──────── THE RECORDS ────────

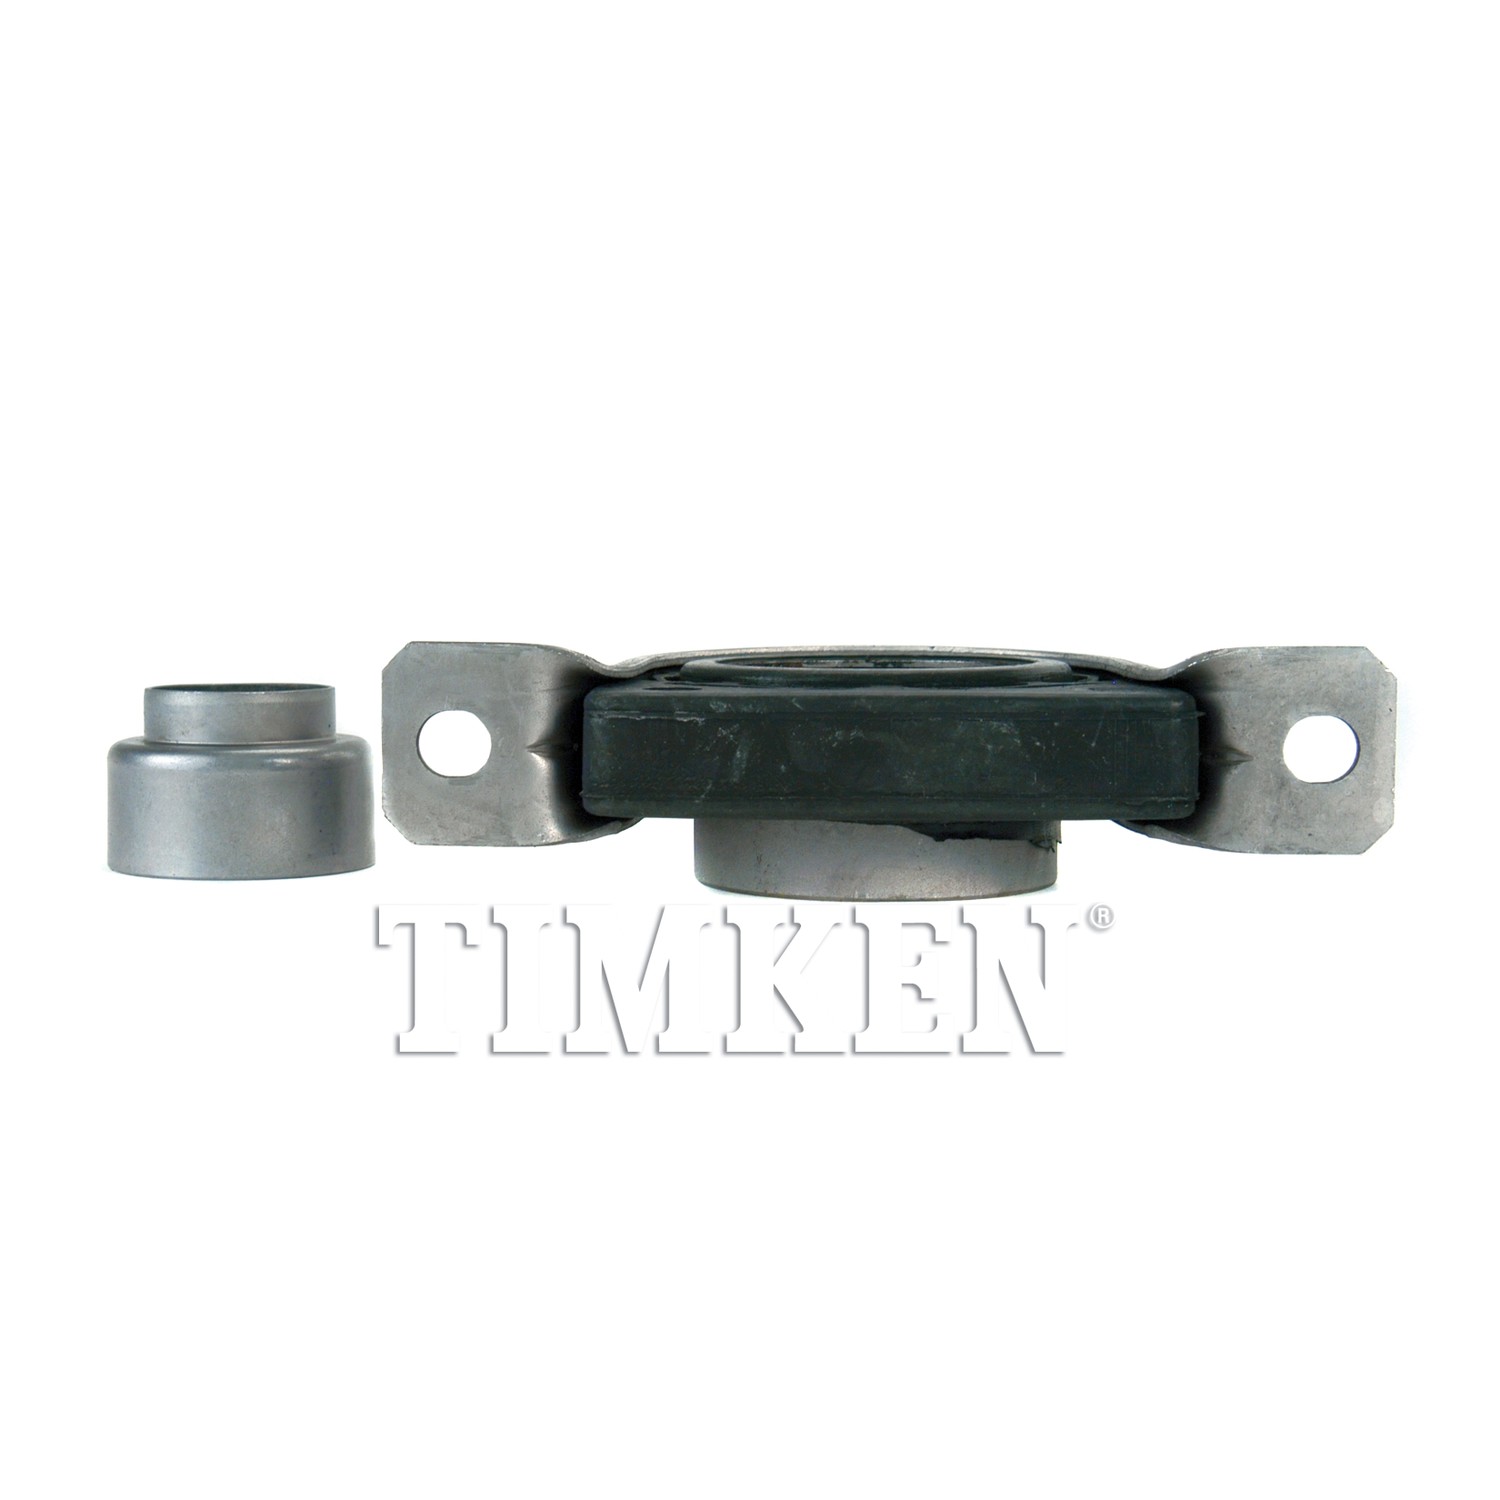 TIMKEN - Drive Shaft Center Support Bearing - TIM HB4010A
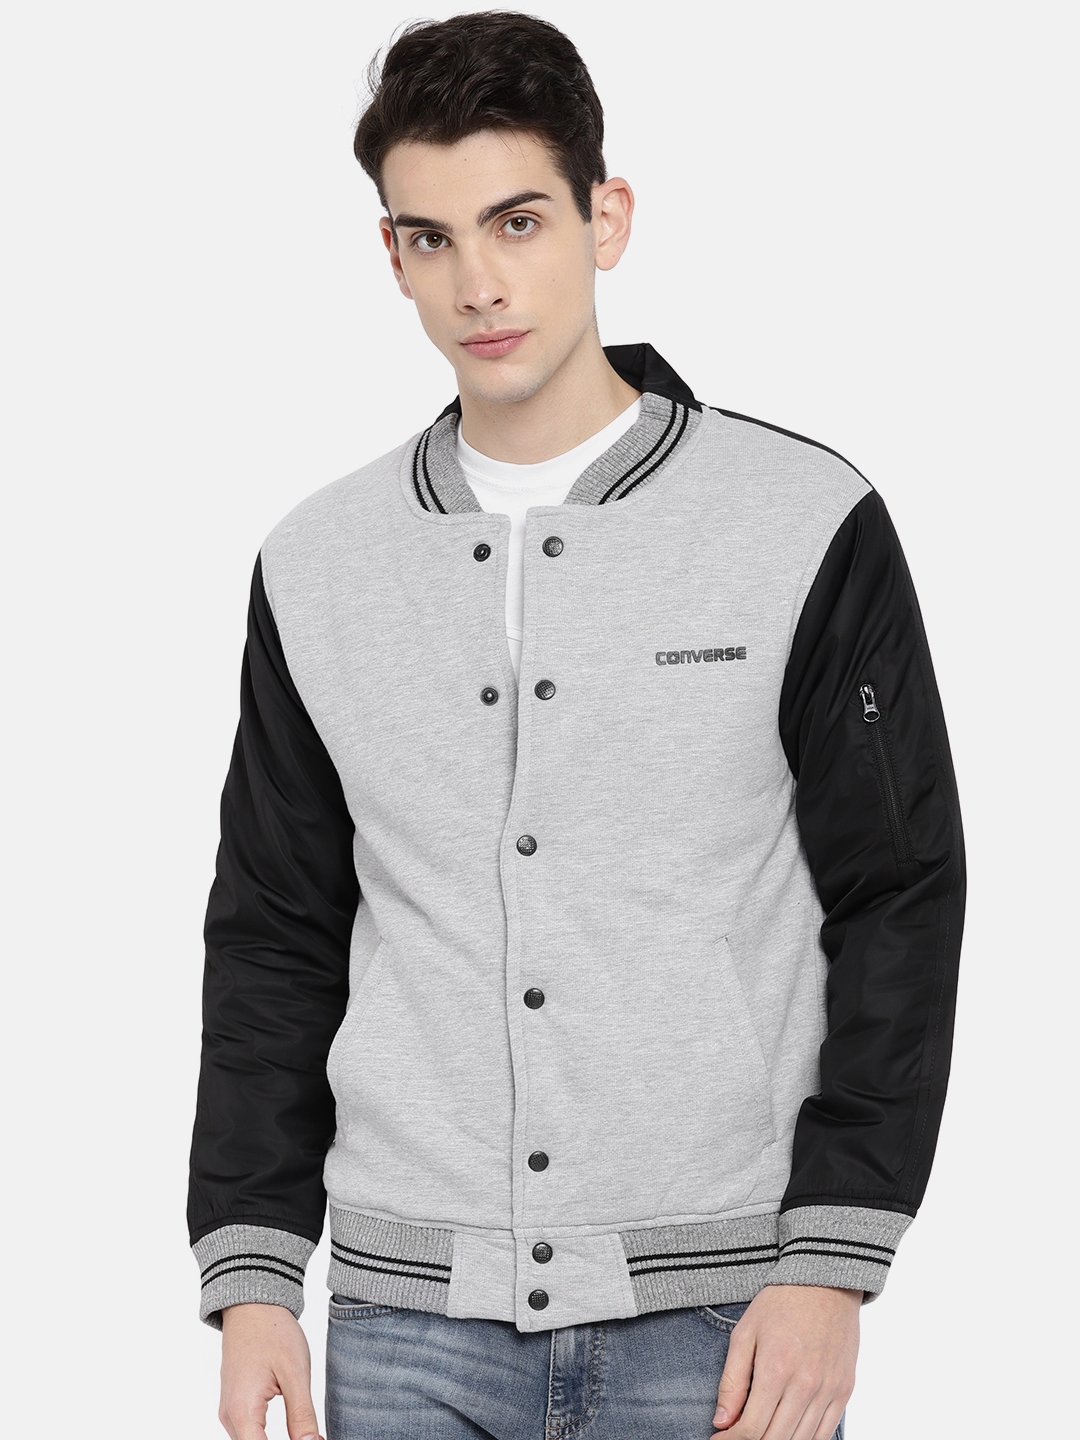 converse jacket grey
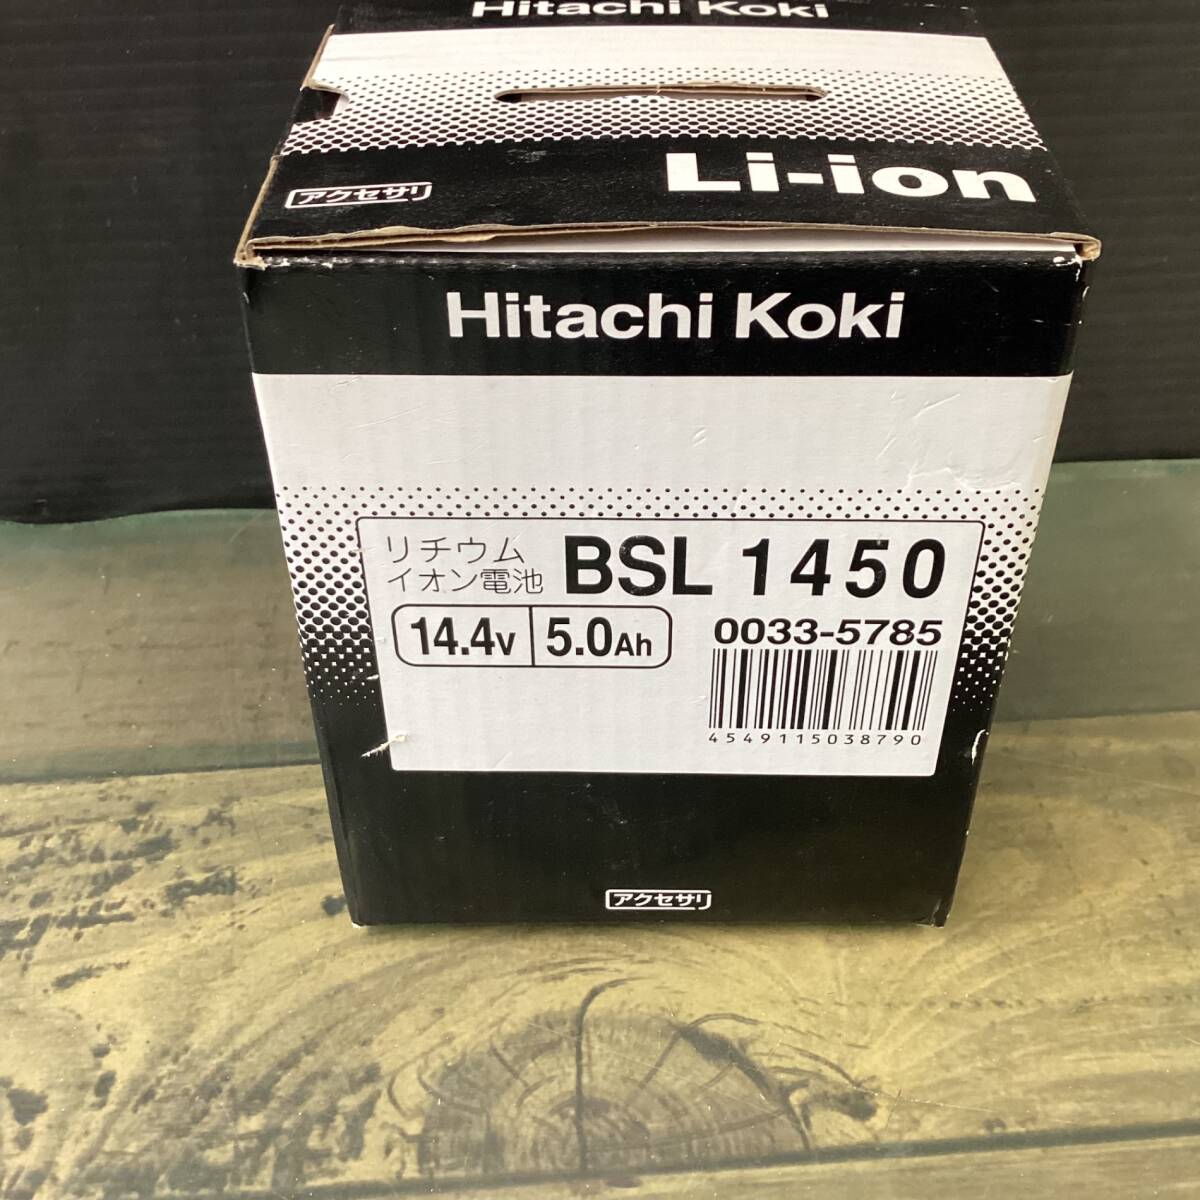 [ не использовался хранение товар ] высокий ko-ki(HIKOKI * старый : Hitachi Koki ) lithium ион аккумулятор 14.4V/5.0Ah BSL1450[ наложенный платеж OK!!]
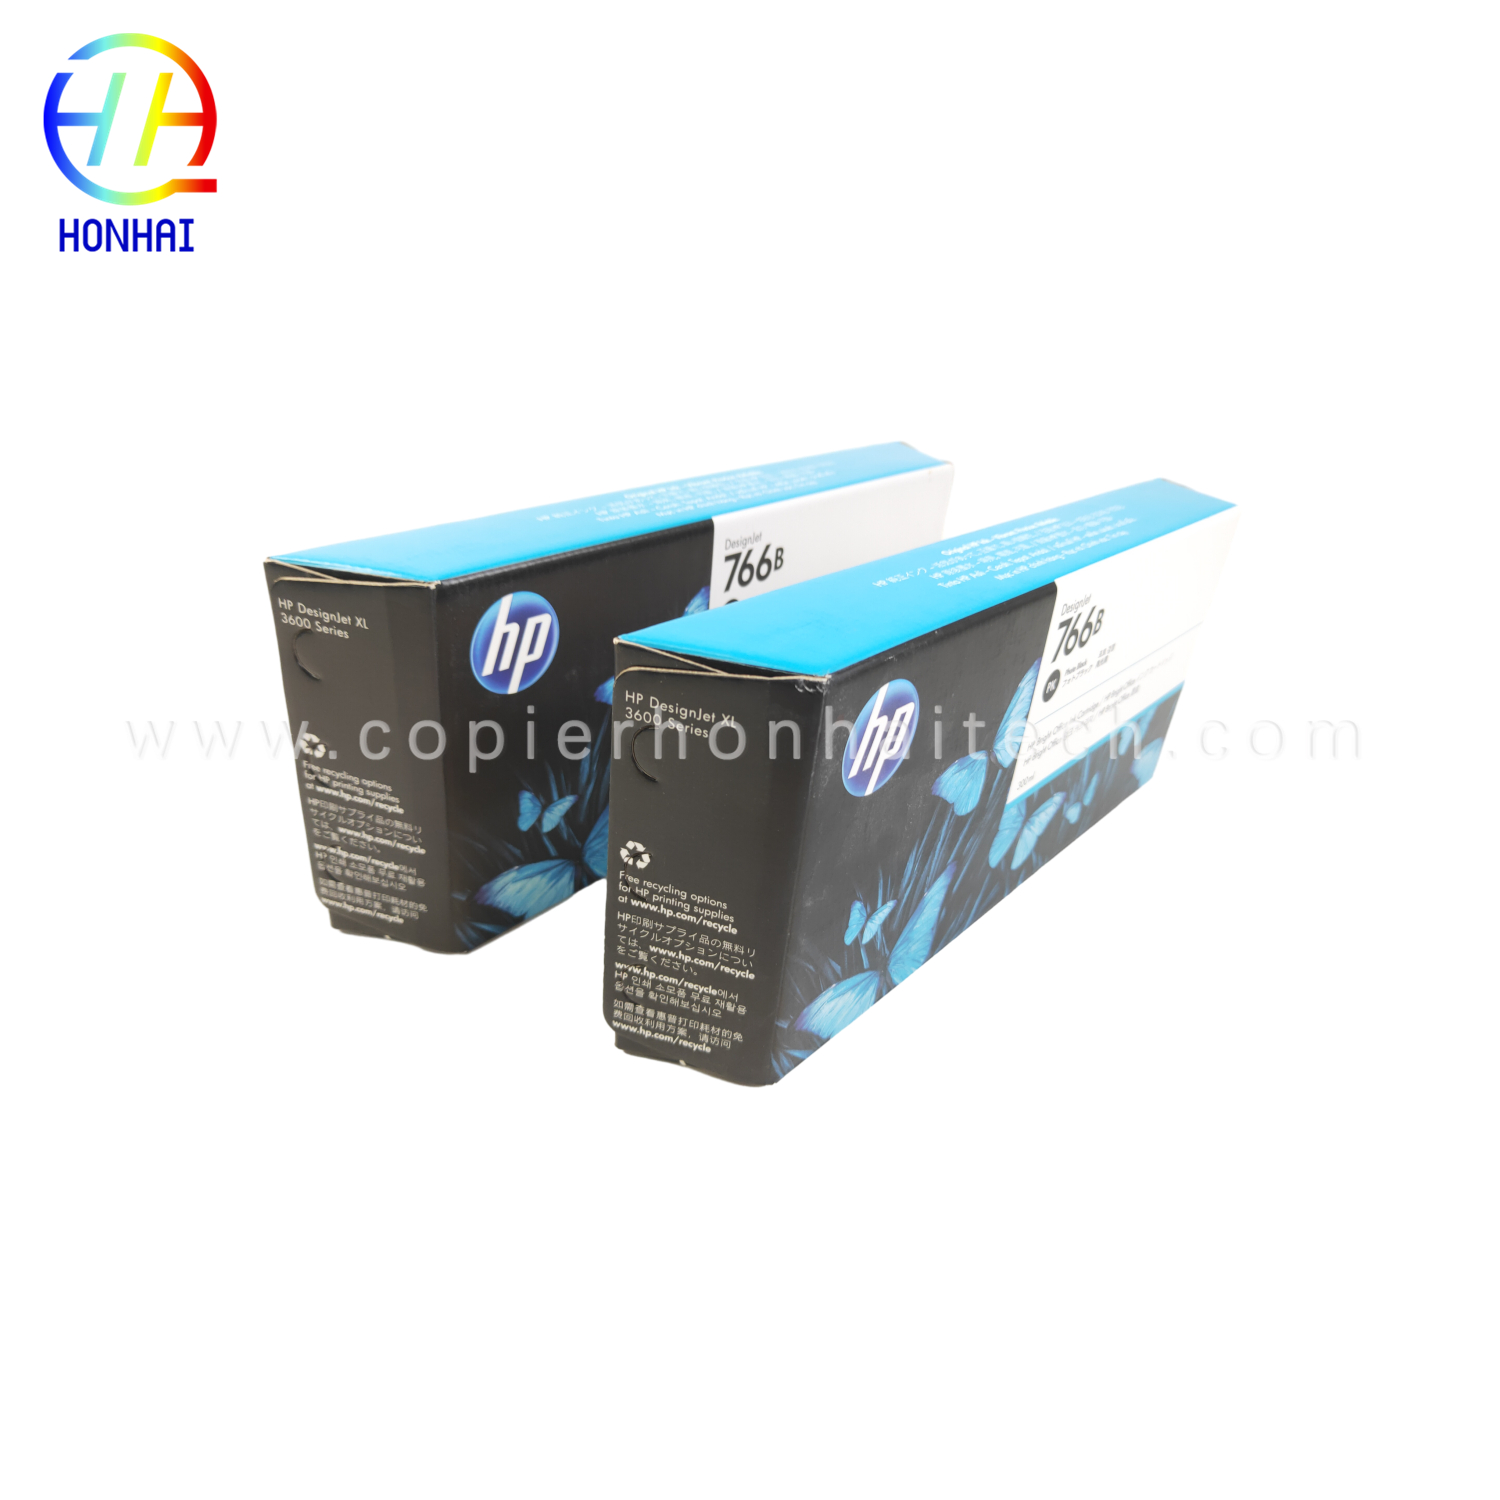 https://www.copierhonhaitech.com/origen-ink-cartridge-for-hp-designjet-xl-3600-766-300-ml-matte-black-p2v92a-product/
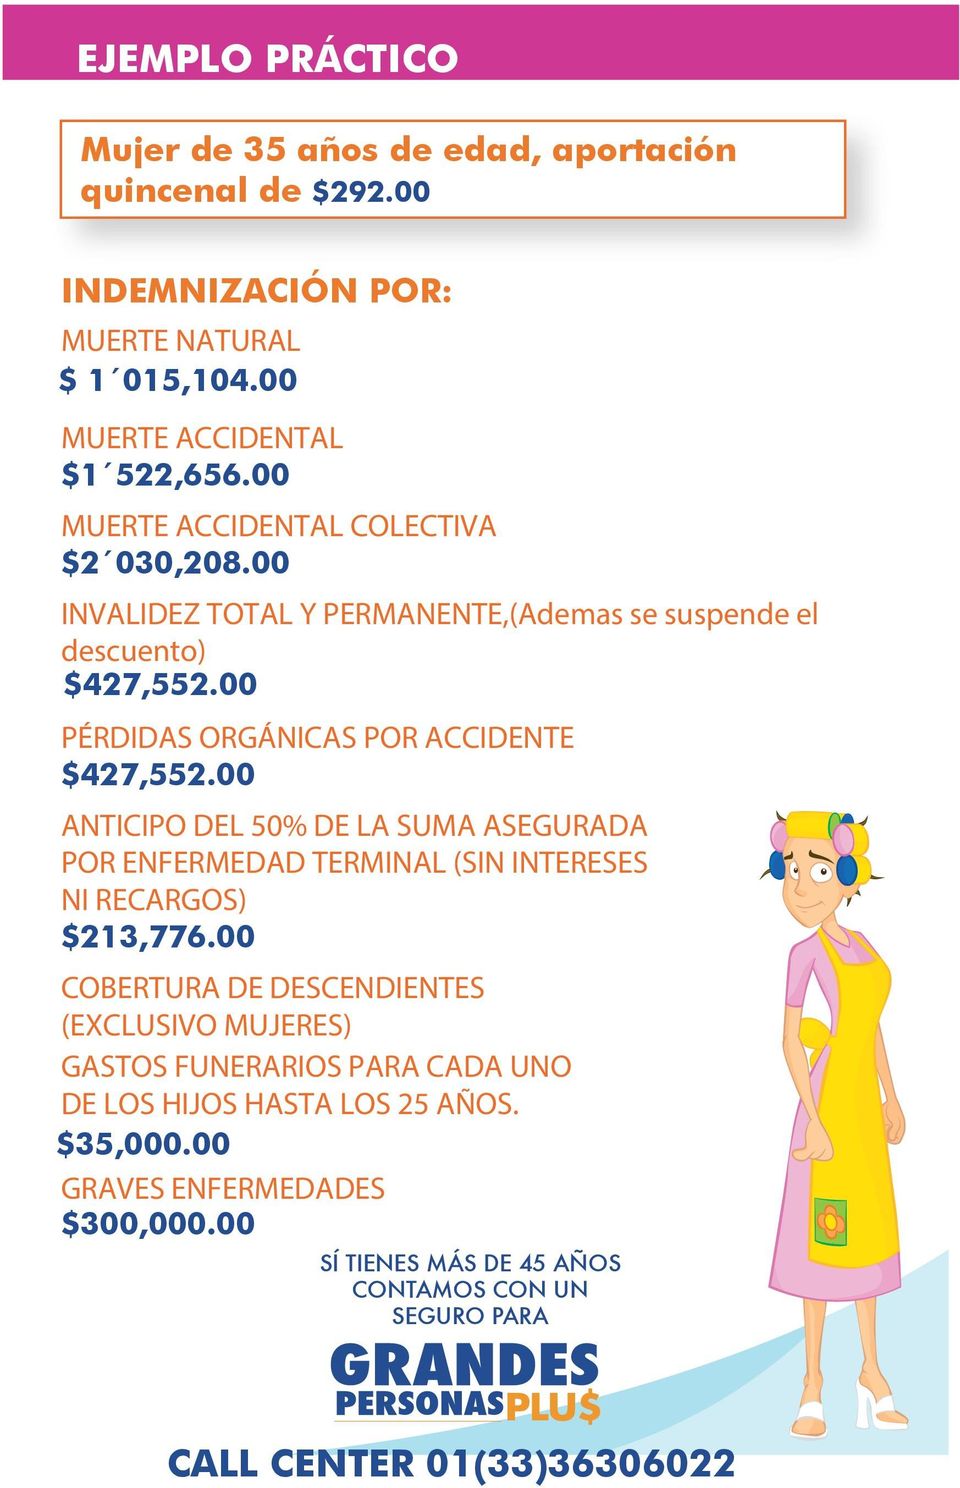 00 ANTICIPO DEL 50% DE LA SUMA ASEGURADA POR ENFERMEDAD TERMINAL (SIN INTERESES NI RECARGOS) $213,776.

────────

Exactly the lines from the one containing "[ не использовался" to the end of the records above, both end lines included, are to be printed, and no pictures with them.

» **SOLUTION TO THE EXERCISE**
 [ не использовался хранение товар ] высокий ko-ki(HIKOKI * старый : Hitachi Koki ) lithium ион аккумулятор 14.4V/5.0Ah BSL1450[ наложенный платеж OK!!]
 https://www.copierhonhaitech.com/origen-ink-cartridge-for-hp-designjet-xl-3600-766-300-ml-matte-black-p2v92a-product/
 00 ANTICIPO DEL 50% DE LA SUMA ASEGURADA POR ENFERMEDAD TERMINAL (SIN INTERESES NI RECARGOS) $213,776.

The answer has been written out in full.